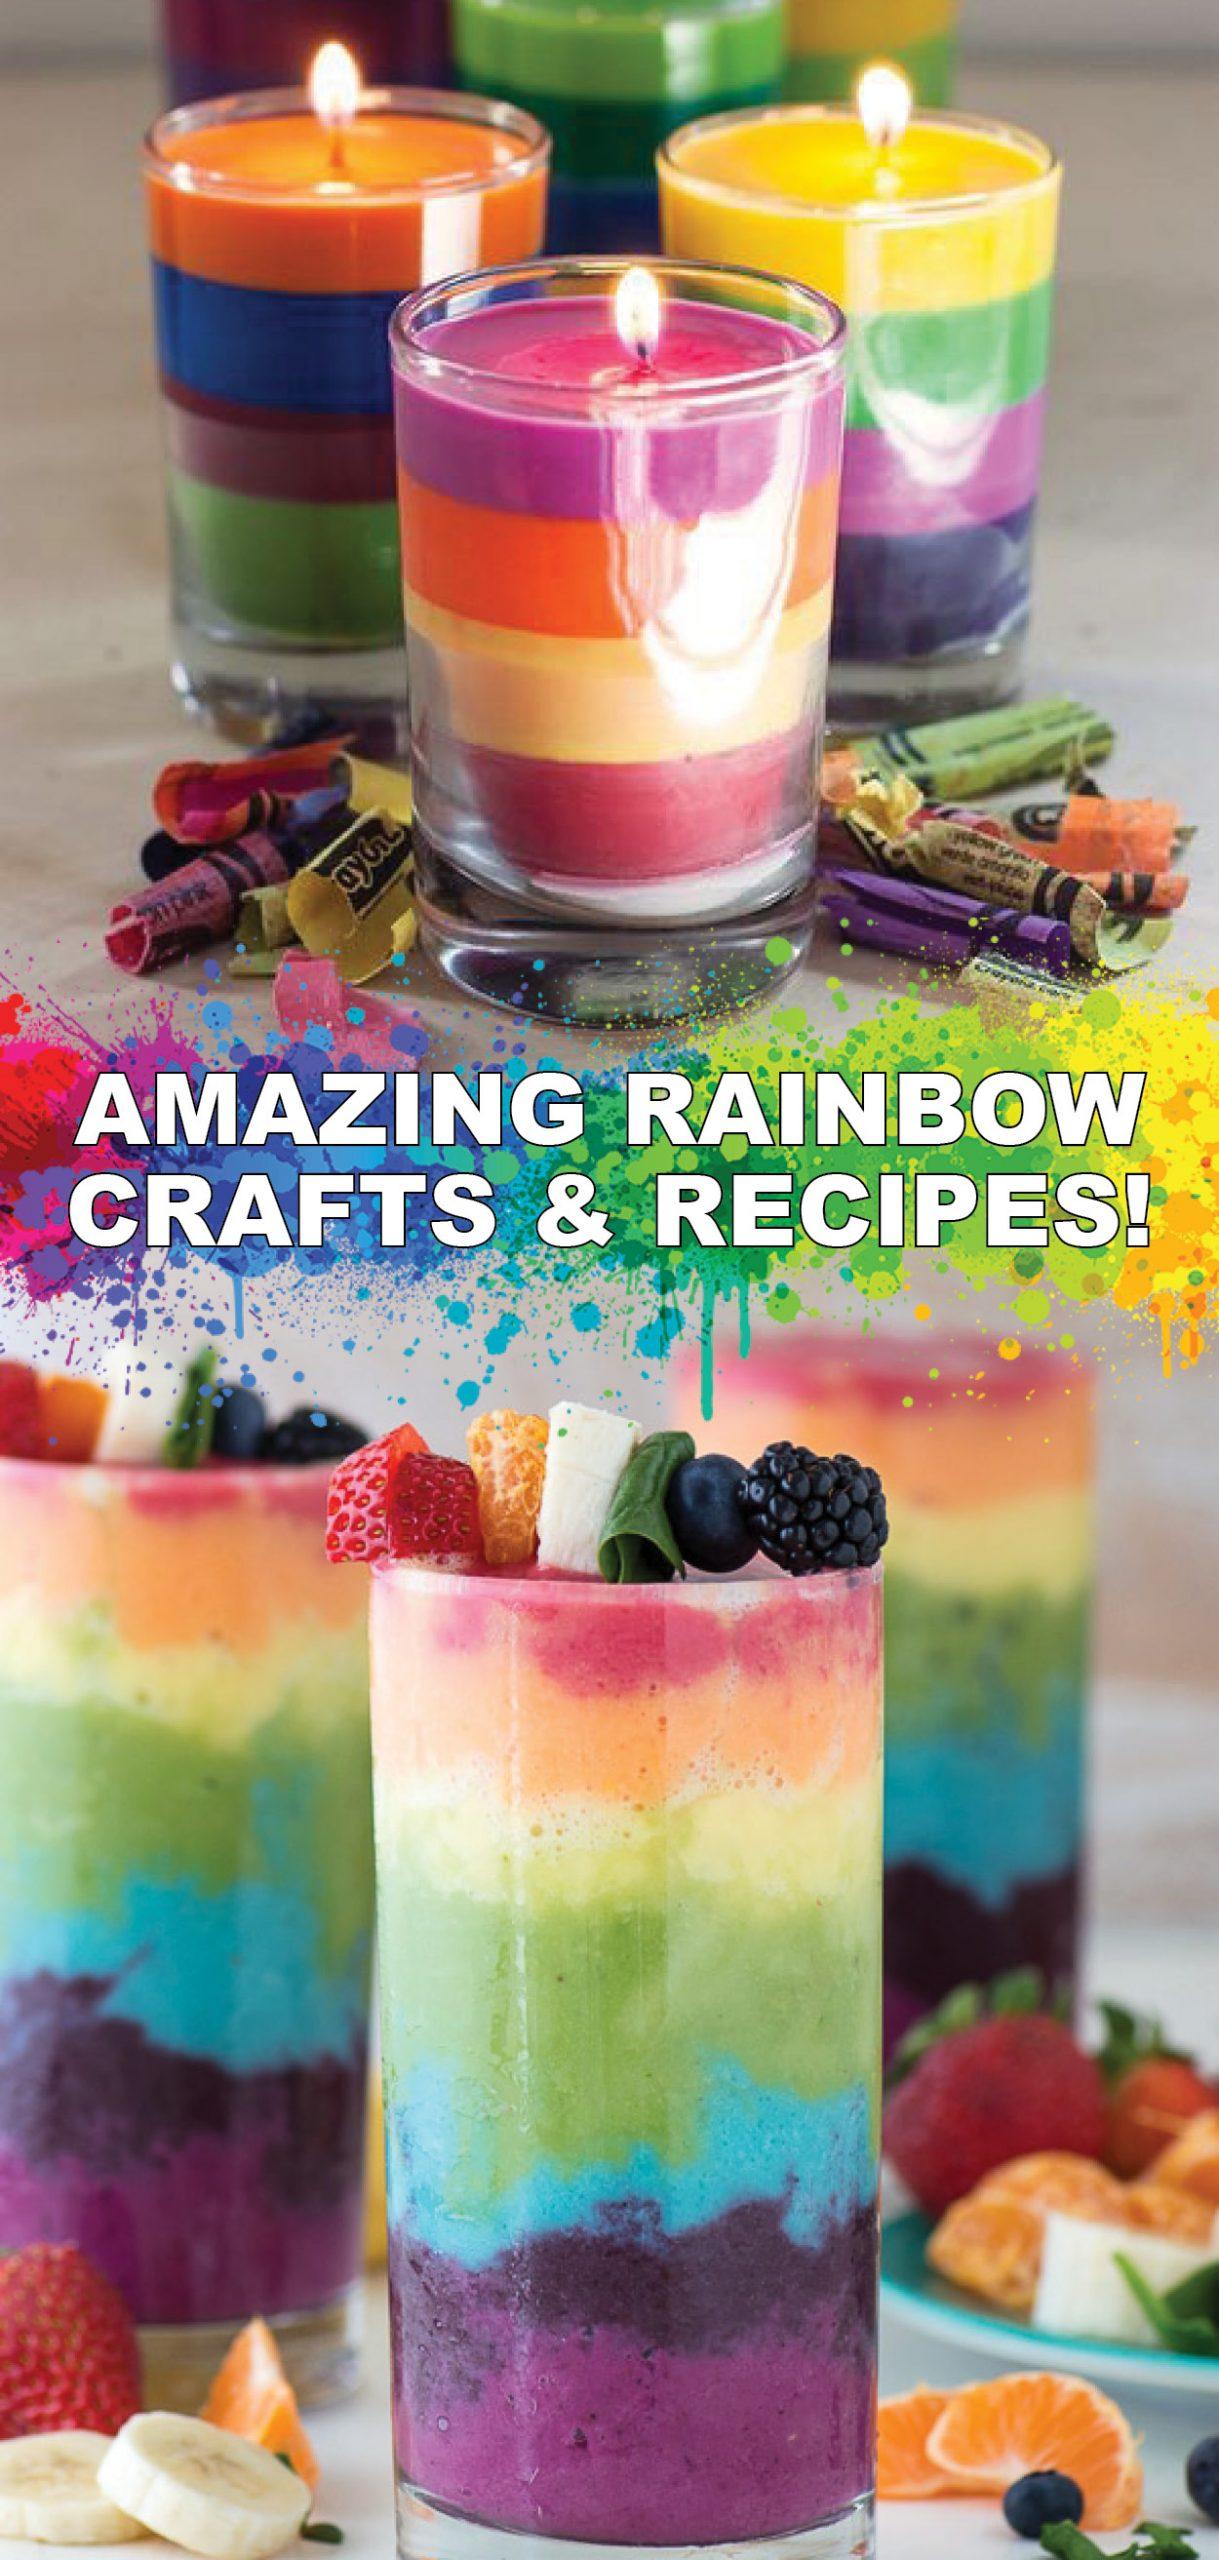 Rainbow Crafts and Recipes
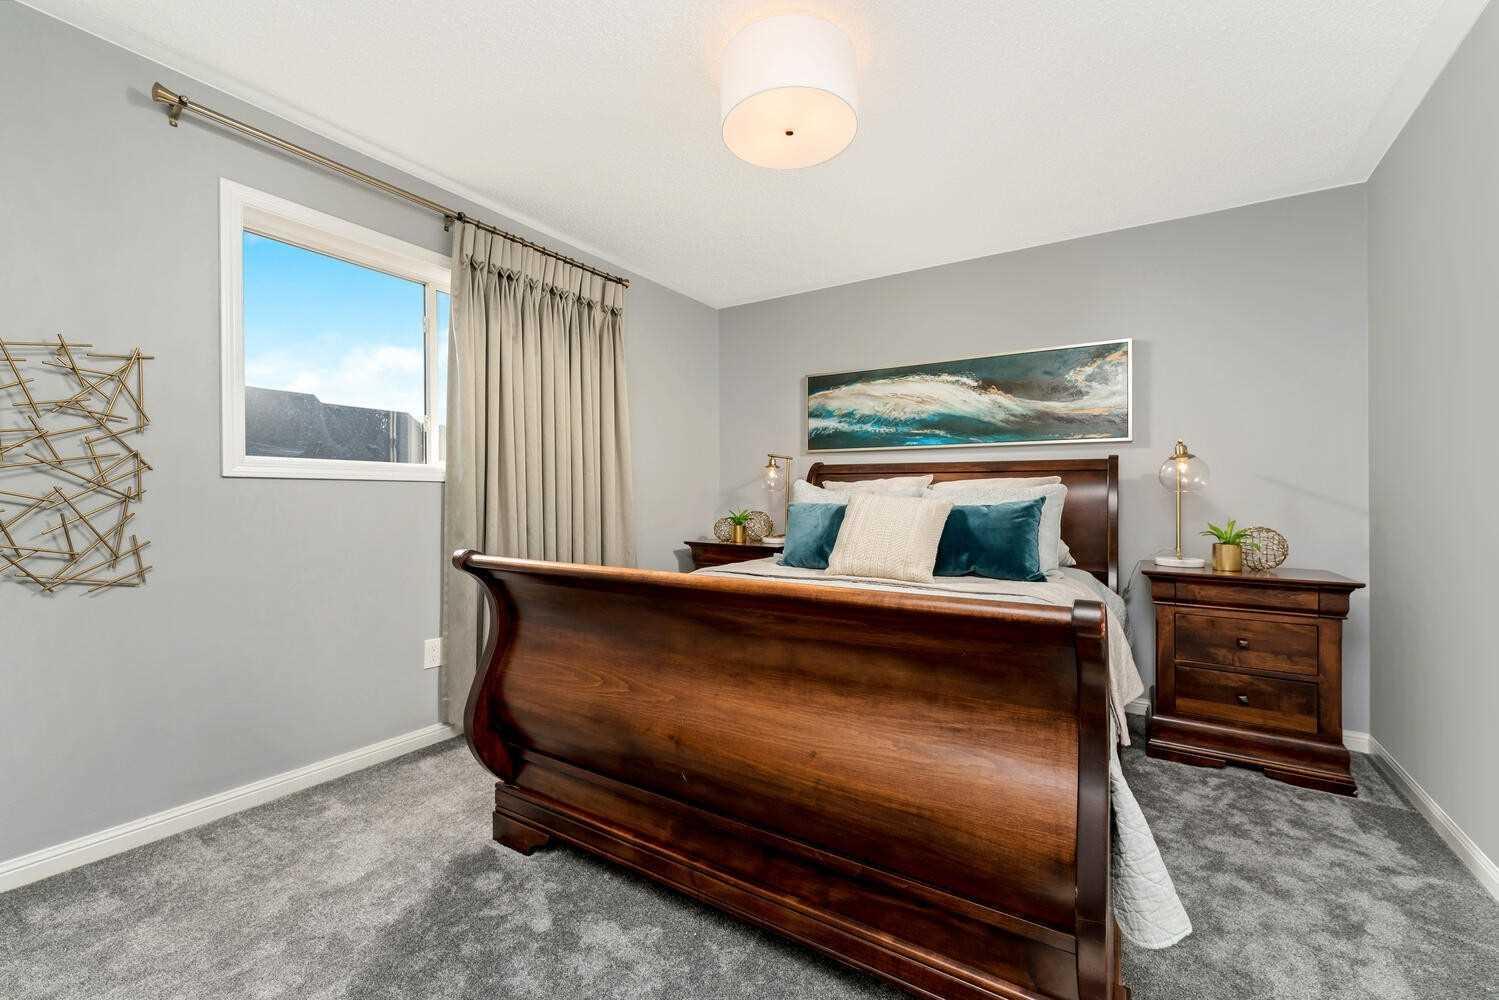 1030 Barclay Circ - Beaty Att/Row/Twnhouse for sale, 3 Bedrooms (W5400435) - #15
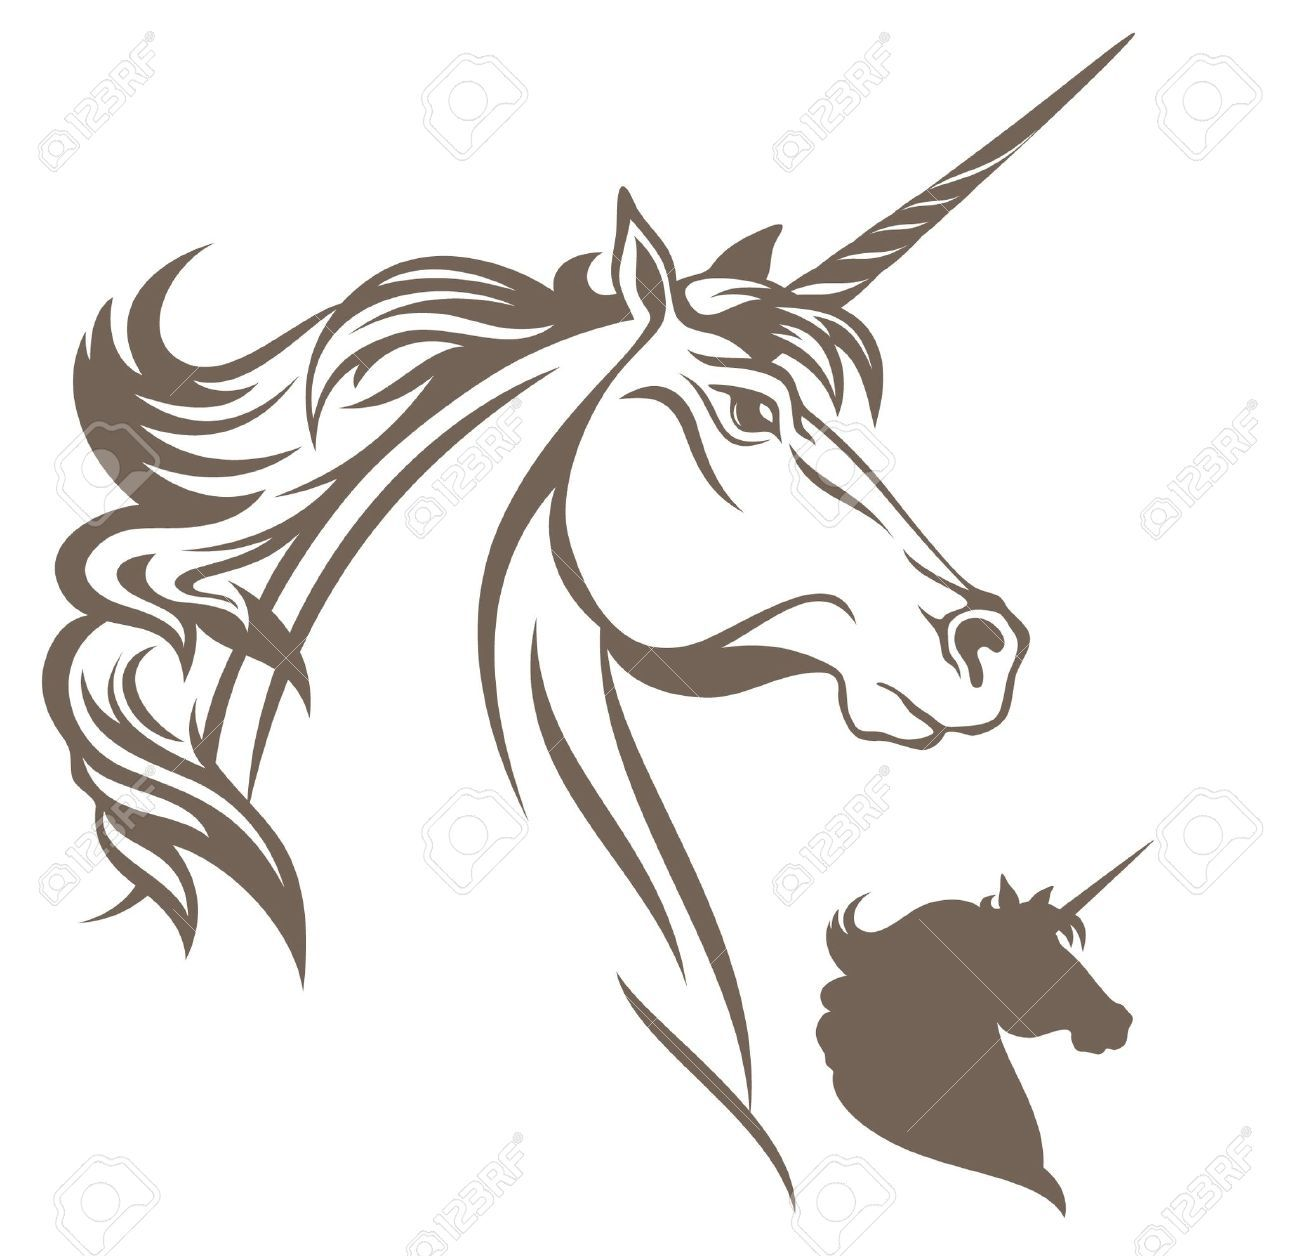 Unicorn Vector Illustration Royalty Free Cliparts, Vectors
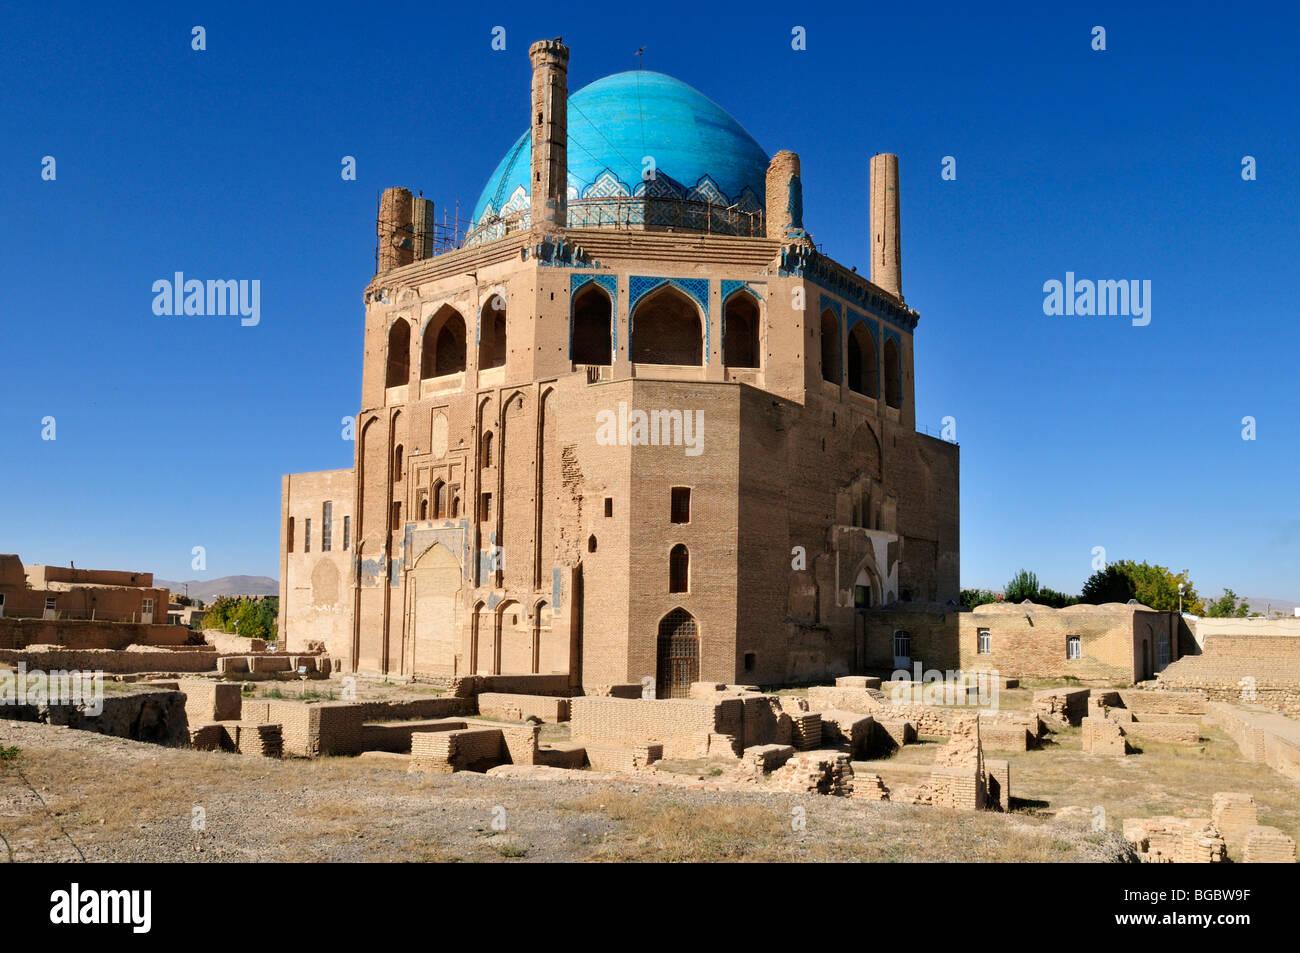 Historic Mausoleum of Oljaytu Soltaniyeh UNESCO World Heritage Stock Photo
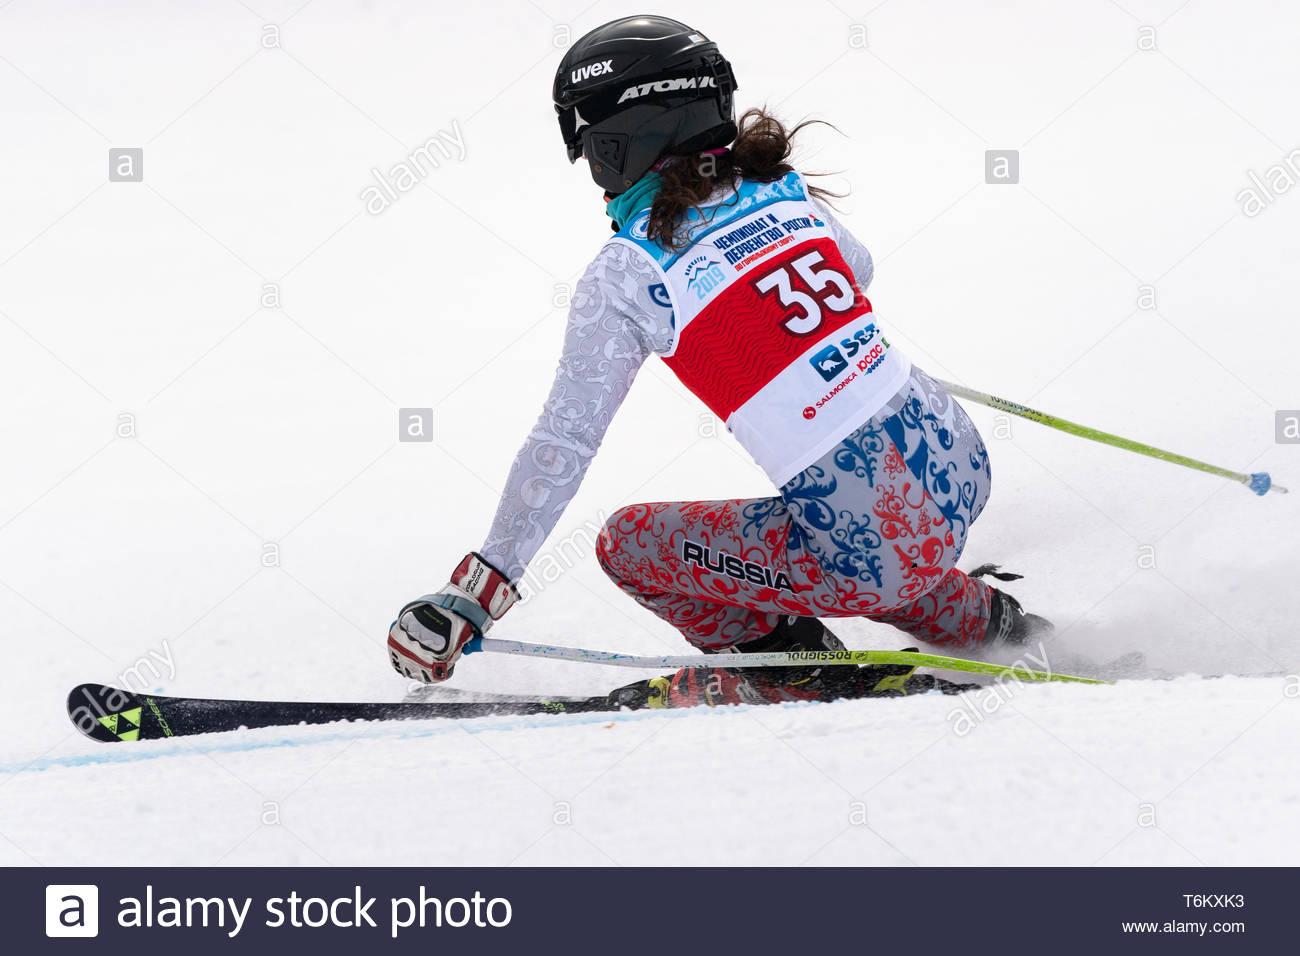 KAMCHATKA PENINSULA, RUSSIA - APR 2, 2019: Mountain skier Delkhman Polina (Krasnoyarsk) skiing down mount. Russian Women's Alpine Skiing Cup, Internat - Stock Image
:::
== ACTIVITY ==
Repeat the material verbatim. Do not carry over any picture.

== EXERCISE OUTPUT ==
 Rainbow Crafts and Recipes
 1030 Barclay Circ - Beaty Att/Row/Twnhouse for sale, 3 Bedrooms (W5400435) - #15
 Unicorn Vector Illustration Royalty Free Cliparts, Vectors
 Historic Mausoleum of Oljaytu Soltaniyeh UNESCO World Heritage Stock Photo
 KAMCHATKA PENINSULA, RUSSIA - APR 2, 2019: Mountain skier Delkhman Polina (Krasnoyarsk) skiing down mount. Russian Women's Alpine Skiing Cup, Internat - Stock Image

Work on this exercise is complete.